Although the type system works well, it is not yet useful for large configurations in the real world. Three major features are needed for that:

Record types. By now I don’t expect they are hard to implement (function types already carry named arguments, which are similar), I just need to sit down and do it.
Type aliases. With record types, you don’t want to spell out the full type everywhere; you write it down once and then refer to it. I have a rough idea of what I want, but there are some unresolved questions. How should scoping work? The same as for expressions? Does that mean you can have local type definitions? Or should types only be allowed at the top level? Do they need to go before all expressions then, or can you mix let bindings and type definitions? Etc. I think this will be a matter of implementing something, getting a feel for it, and then iterating.
Importing types across files. Because every RCL document contains a single expression, it is very clear what importing files means on the value level. For types, I don’t think it is feasible to limit them to one exported type per file. The main blocker here is coming up with a syntax that is both legible and not completely hideous.

Aside from those, there are less important features that I want to add:

String literal types, so you can use a union of string literals to model enums.
Quantification and type variables, to be able to give a more accurate type to functions such as filter. Currently it is documented with a type variable, but in the implementation all type variables are just Any, so the typechecker loses track of the list element type after passing through filter.

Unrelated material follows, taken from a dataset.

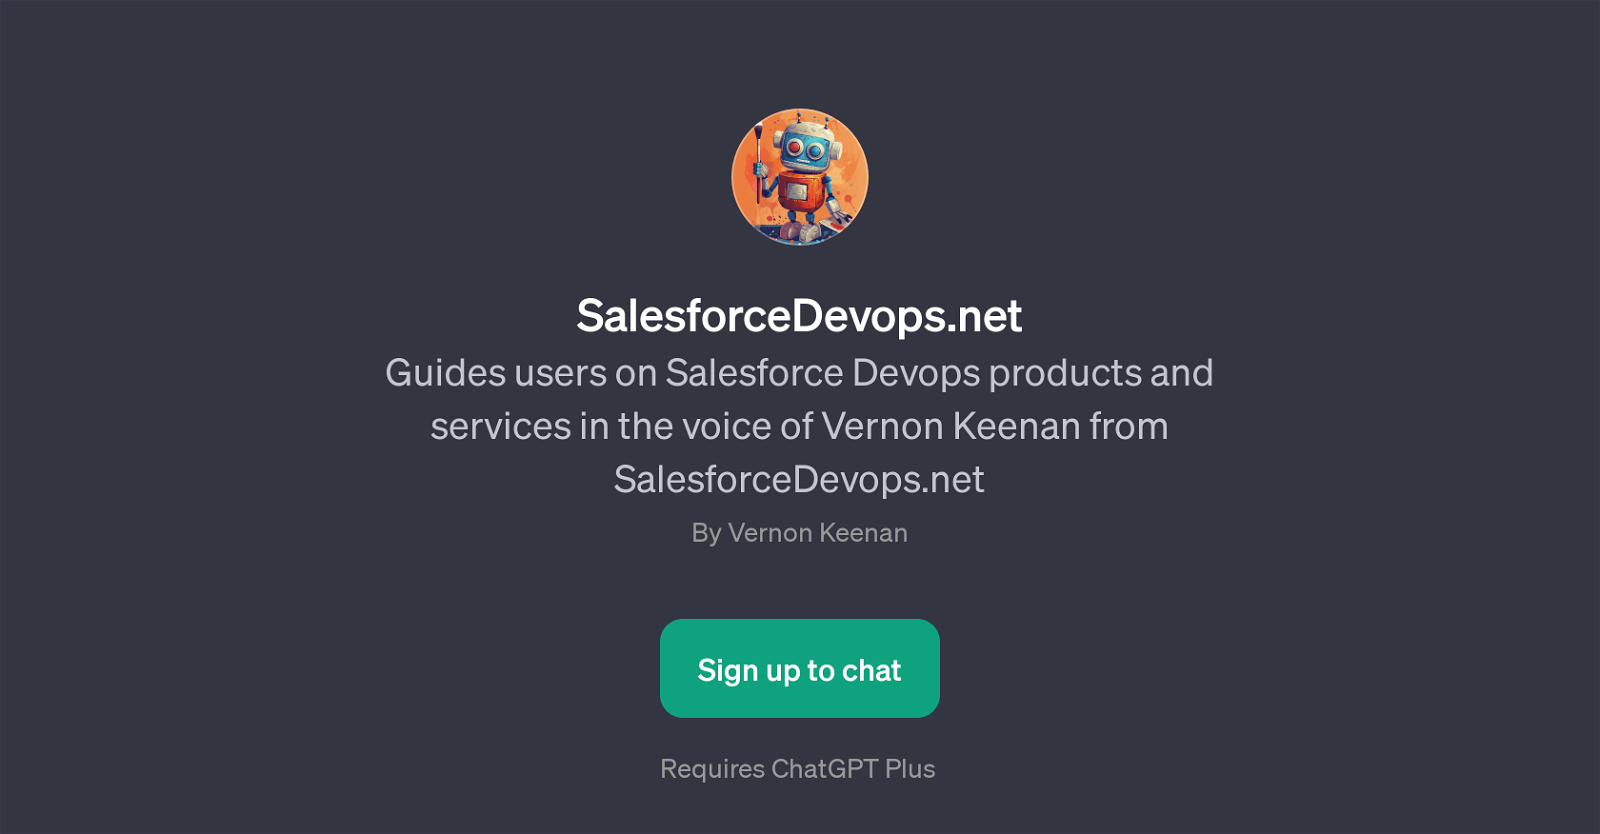 SalesforceDevops.net website
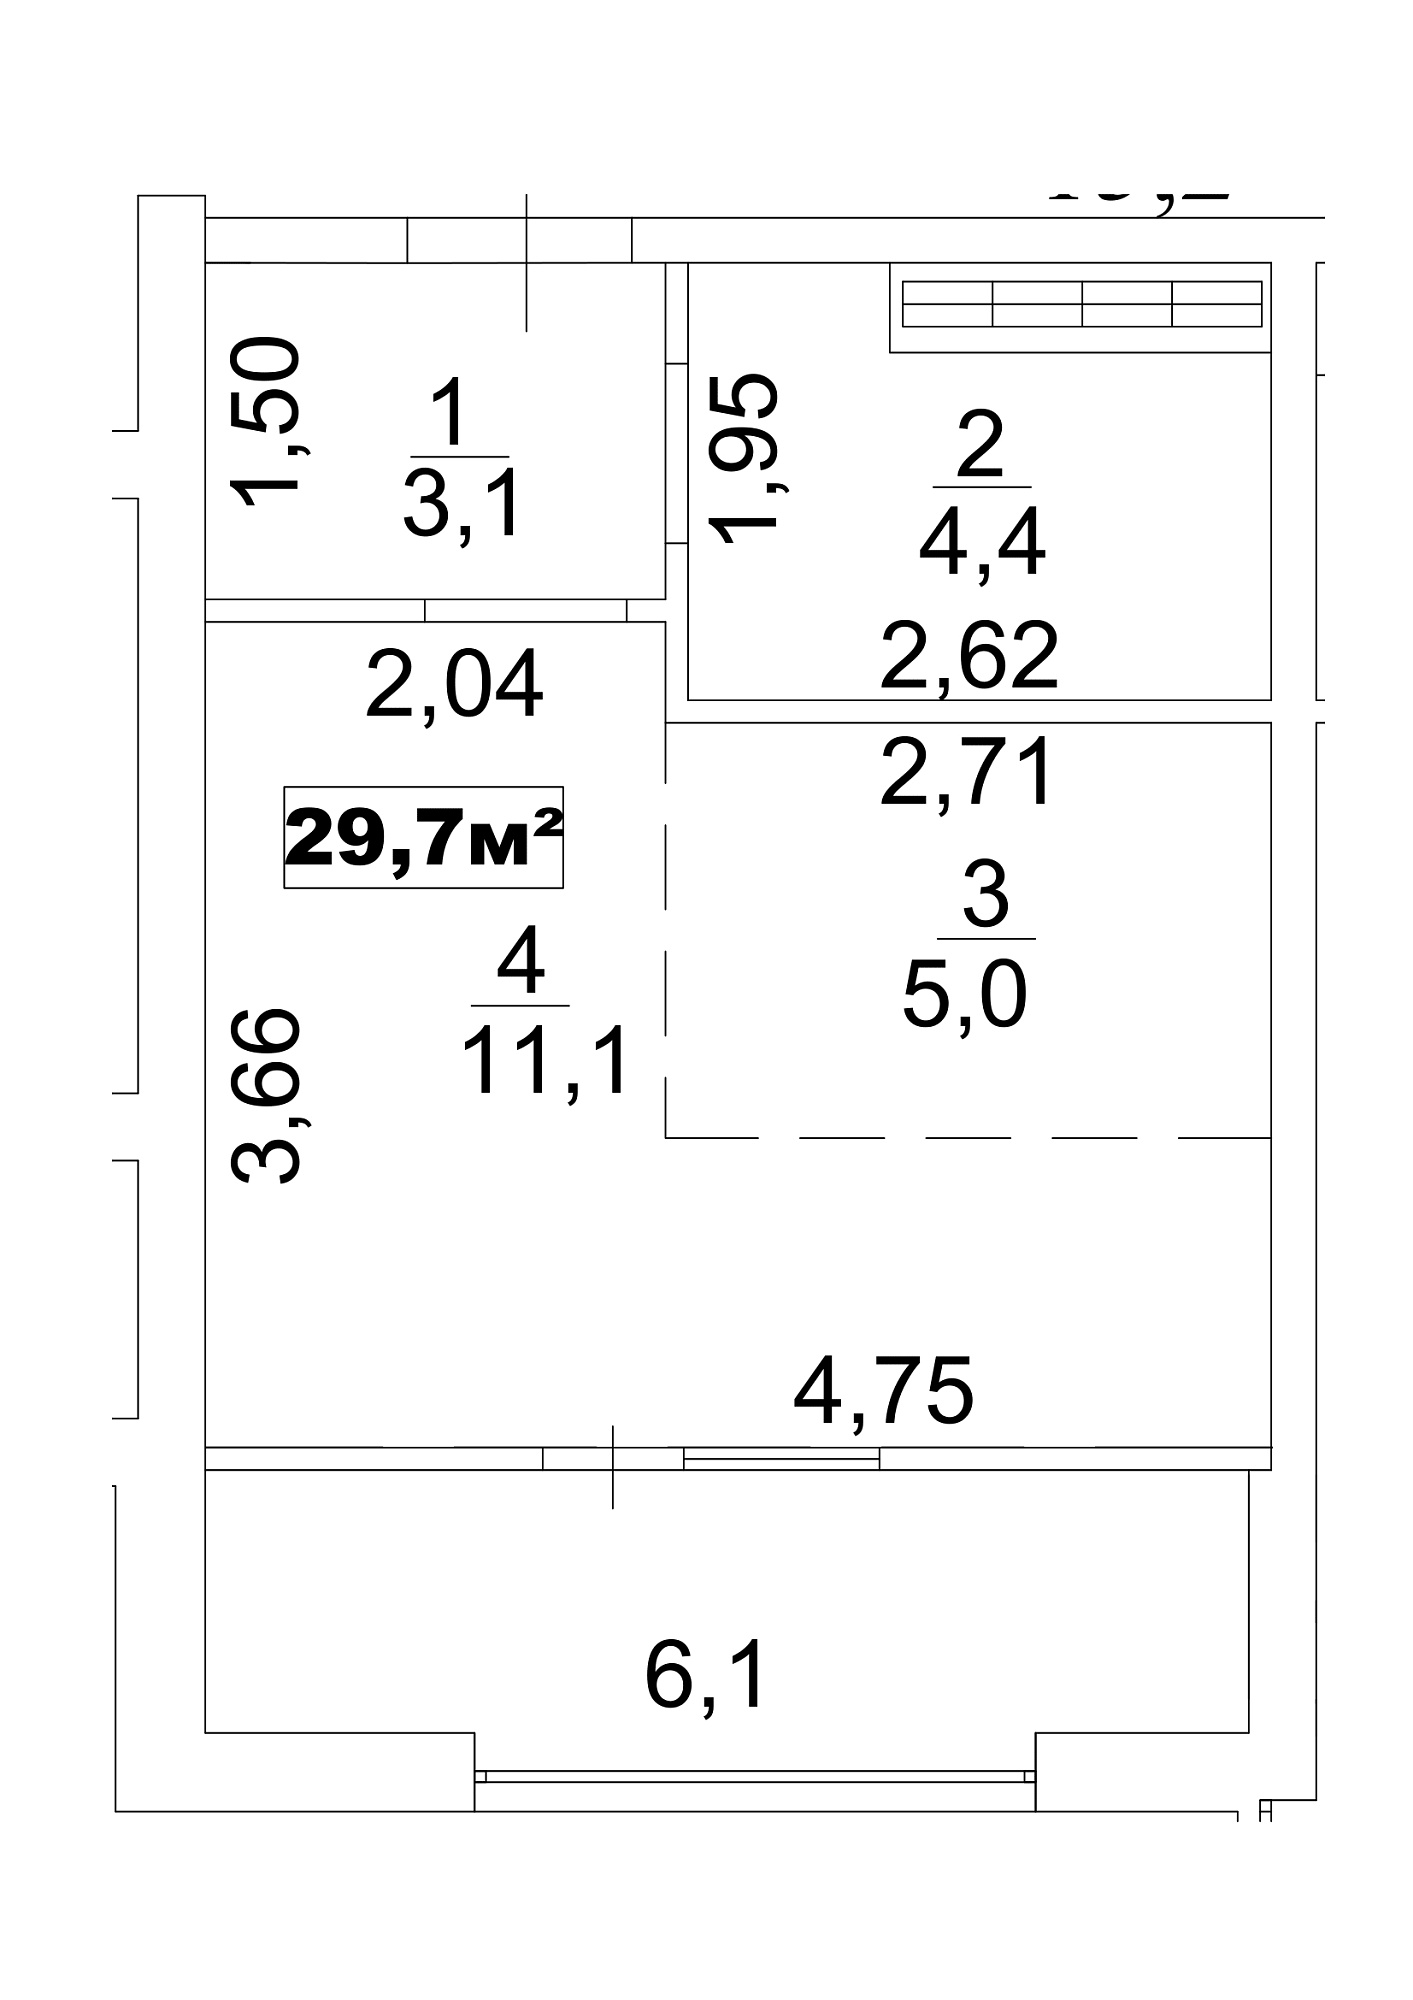 Planning Smart flats area 29.7m2, AB-13-07/00060.

Furthermore some parts are just not implemented, like method lookups. Fortunately the type system implementation is forgiving, and RCL is usable and useful right now without them.

Conclusion

RCL is a new configuration language that aims to reduce configuration boilerplate by extending json into a simple functional language that enables abstraction and reuse. I am adding support for type annotations and a typechecker to it, and in this post we looked at how that typechecker is implemented. We saw how the fused typecheck and inference, check_expr, is the cornerstone of the typechecker, with is_subtype_of implementing the generalized subtype check that defers some checks to runtime. On the more practical side, passing down an expected type enables localizing type errors accurately, and tracking the sources of types helps to explain type errors.

This post concludes my series about RCL’s type system. One of RCL’s goals is to be obvious and easy to use for people who have some background in mainstream languages like Python or TypeScript, but not necessarily typed functional programming. As such, the type system is relatively simple, and mostly putting together existing ideas. The main idea that I haven’t seen implemented elsewhere is the generalized subtype check. And to be fair, it is of limited use — the reason RCL can get away with it, is that runtime errors are static errors in a configuration language. I would love to hear from people more versed in the literature if something like this exists in other systems, and if there are common practices around it.

If this series got you interested in RCL, try RCL in your browser, and check out the type system documentation! I don’t recommend relying on RCL to generate production configuration yet: it is a hobby project without stability promise. However, I do use it almost daily as a jq replacement, and the new map and filter methods in v0.4.0 make it even nicer for that, so give it a try!